There are three steps in the test:
- Selection and testing of the vehicle
- Road test and recording of measurements
- Normalization of the data
Each step will be discussed in detail later. During the road test according to the "NOx Real Drive Emmisions" regulation (100 km route with 25% city, 43% highway and 32% motorway) the following data is collected:
- Tyre pressures
- Car mass
- Coast-Down (CD): is a test that determines the mechanical and aerodynamic resistance of the car. It is nothing more than at different speeds, put the car in neutral and measure the time to stop.
- Driving conditions (acceleration, speed)
- Ambient temperature, pressure and humidity
- Distance and time of the trips
- Particulate filter data (number of regenerations based on distance travelled)
The test
Now that we have seen the broad outline of the methodology, let's take a closer look at the test itself.
Step 1: Car selection
Naturally, the manufacturer will choose which models they wish to carry out the fuel consumption test on. Once selected, it will communicate this to the certifying body and the latter will rent the specific model. If the model in question is not yet available on the market, the manufacturer will provide a pre-series vehicle for testing. To check that everything is correct and that there was no trickery with the pre-series model, once it goes on sale, the certifier will take the same model and test it again, to check that everything is the same as in the pre-series model. The chosen cars must have between 1,000 km and 20,000 km, and have the corresponding maintenance carried out according to the manufacturer (if applicable).

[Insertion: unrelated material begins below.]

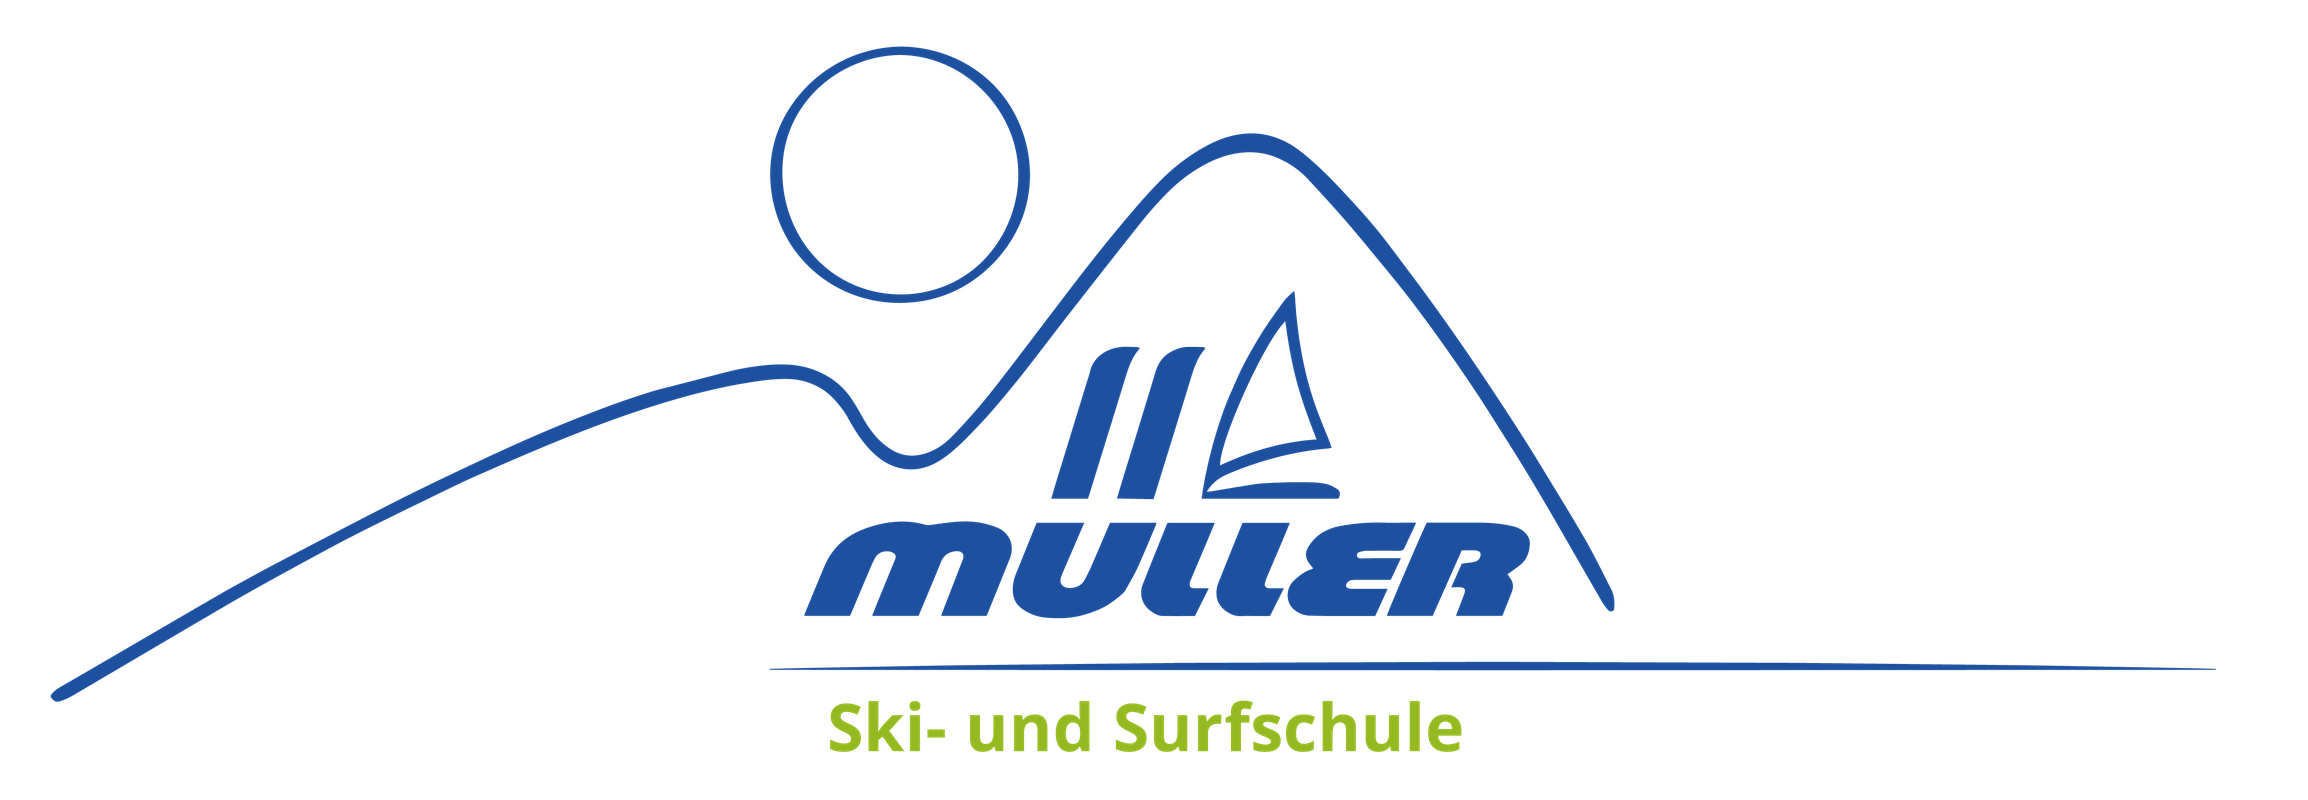 SUP und Surfschule Müller Ammersee

The manufacturer will then be responsible for placing all the measuring devices in the rear of the car: weather station, GPS and PEMS (Portable Emissions Measurement System), which will be responsible for measuring exhaust gases; and for checking the battery, oil level, tyre pressure and fuel level. By the way, the fuel used will be the one found in any gas station.
Once all this is done, the certifying body will seal the bonnet, the OBDII connector, the tyre valves and a nut on each wheel, to avoid temptation.
Step 2: Road test
As mentioned above, the test is based on the "NOx Real Drive Emmisions" regulation with 100 km of mixed driving, 25% city, 43% highway and 32% motorway. Since it is about real measurements, the drivers cannot be professionals. They must be normal drivers, and at least two different ones will be used for each test and the only thing they will have to do is drive, respecting the speed limits of each road. In terms of weather, for the test to be valid, the temperature must be between 5 and 30 degrees, the humidity must be less than 95% and there will be no severe weather alerts.
After the test, another road test will be carried out to verify the calibration of the measuring elements and the vehicle will be weighed.
As we can see, no laboratory, but real roads to ensure maximum correlation between the tests and the real world.
Step 3: Data processing
Now that we have the measurements we have taken on the road, it is time to process the large amount of data collected. First of all, we must check if the test is representative, that is, that there have not been any extraordinary circumstances that have altered the test, such as that there has not been any regeneration of the particulate filter (as this increases consumption), that the PEMS is calibrated and its measurements are correct, and that the speed and acceleration are within the parameters of an average driver. If all this is fulfilled, the test is representative and therefore your data is taken into account.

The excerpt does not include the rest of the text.